Calado quer políticos com formação específica para cumprirem a legalidade


É cada vez mais importante na gestão pública» que os "decisores políticos" tenham "formação específica".




O presidente da Câmara do Funchal, que já foi vice do Governo com a tutela das Finanças, lançou um desafio curioso que pode originar várias questões relativamente à forma como se desempenham os cargos públicos à luz daquela que deve ser a legalidade. Nas palavras de Pedro Calado, estão implícitas ou mesmo explícitas algumas preocupações resultantes, eventualmente, de alguma impregnação que ao longo da sua carreira tem verificado na forma como são exercidos os cargos políticos, na generalidade.

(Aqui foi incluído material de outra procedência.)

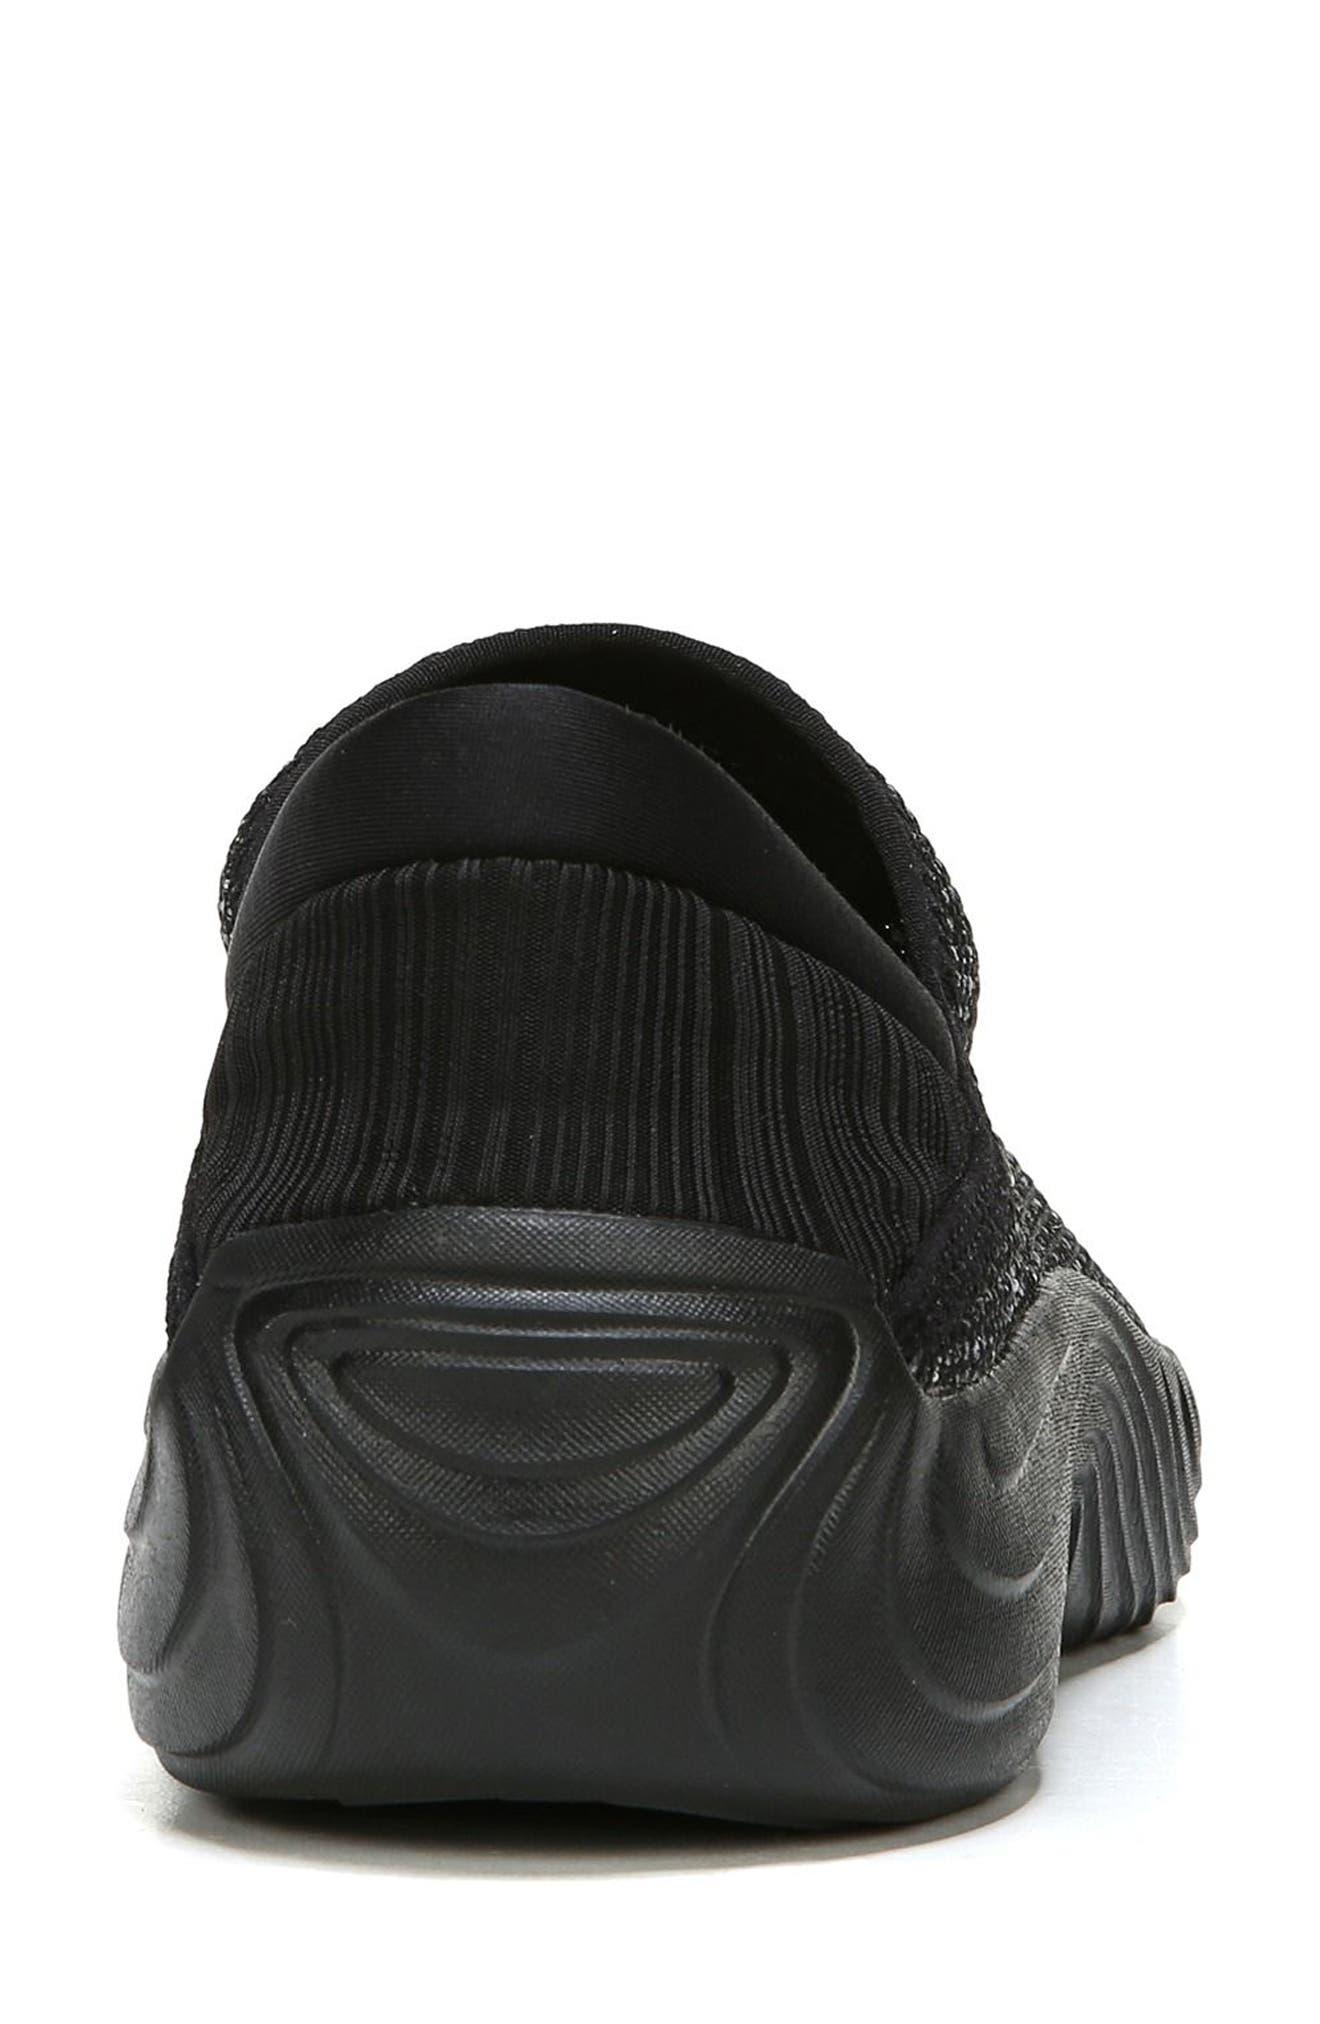 Topaz Slip-On Sneaker,                             Alternate thumbnail 7, color,                             BLACK FABRIC
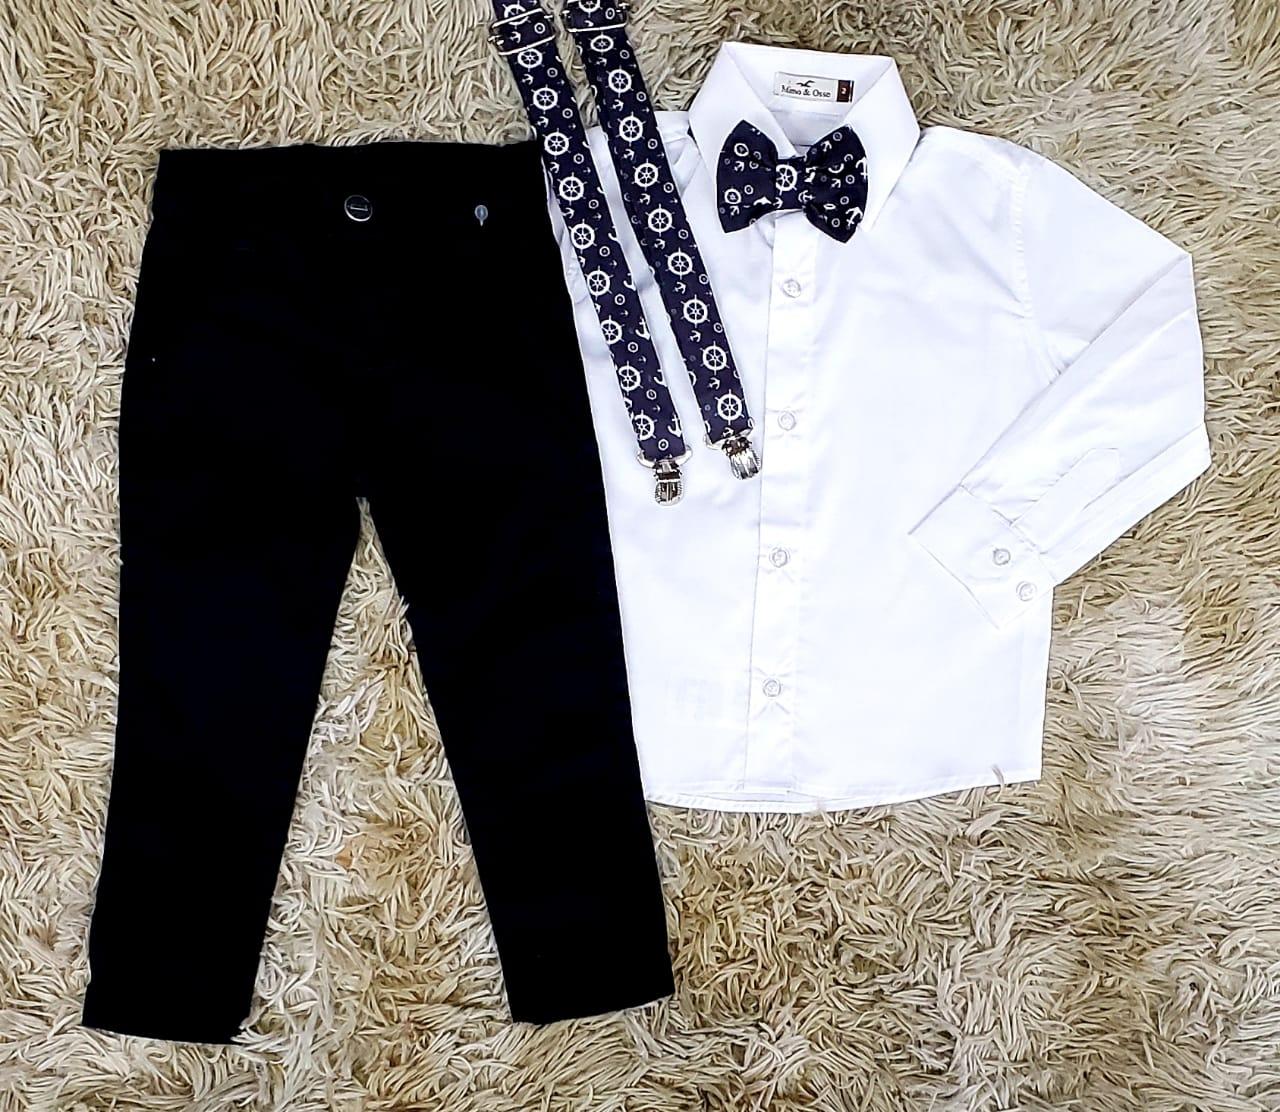 Calça Preta e Camisa Social Manga Longa com Suspensório e Gravata

Foi no encerramento do I Encontro Insular de Contabilistas Certificados que decorreu no Museu da Casa da Luz, que o presidente da Câmara Municipal do Funchal deixou um "desafio" à Bastonária da OCC, Paula Franco para que "tente influenciar" alterações significativas de forma a que haja "uma mudança de mentalidade" no que é exigido a quem detém cargos políticos.

Neste sentido, como refere uma nota do seu gabinete de comunicação comunicação, Pedro Calado salientou ser "cada vez mais importante na gestão pública» que os "decisores políticos" tenham "formação específica", de modo, a poderem "desempenhar as funções" correctamente, sobretudo do ponto de vista do cumprimento da legalidade.

Se assim não acontecer, se esta mudança não se verificar, reforçou o presidente da Câmara Municipal do Funchal, o país não "anda para a frente".

Na sua intervenção, Pedro Calado abordou ainda a necessidade de revisão da Lei de Finanças Regionais, afirmando que "não há", no Estado, "coragem política", não há coragem «para se tocar na ferida" e fazer alterações à lei.

Sobre esta situação da necessidade de revisão da Lei de Finanças Regionais, o presidente da Câmara Municipal do Funchal salientou não só a Região Autónoma da Madeira ir receber, este ano, do Orçamento de Estado, via Lei de Finanças Regionais menos 15 milhões de euros do que os Açores, como também o que a Madeira tem recebido a menos ao longo dos anos, uma valor que ultrapassa os mil milhões de euros.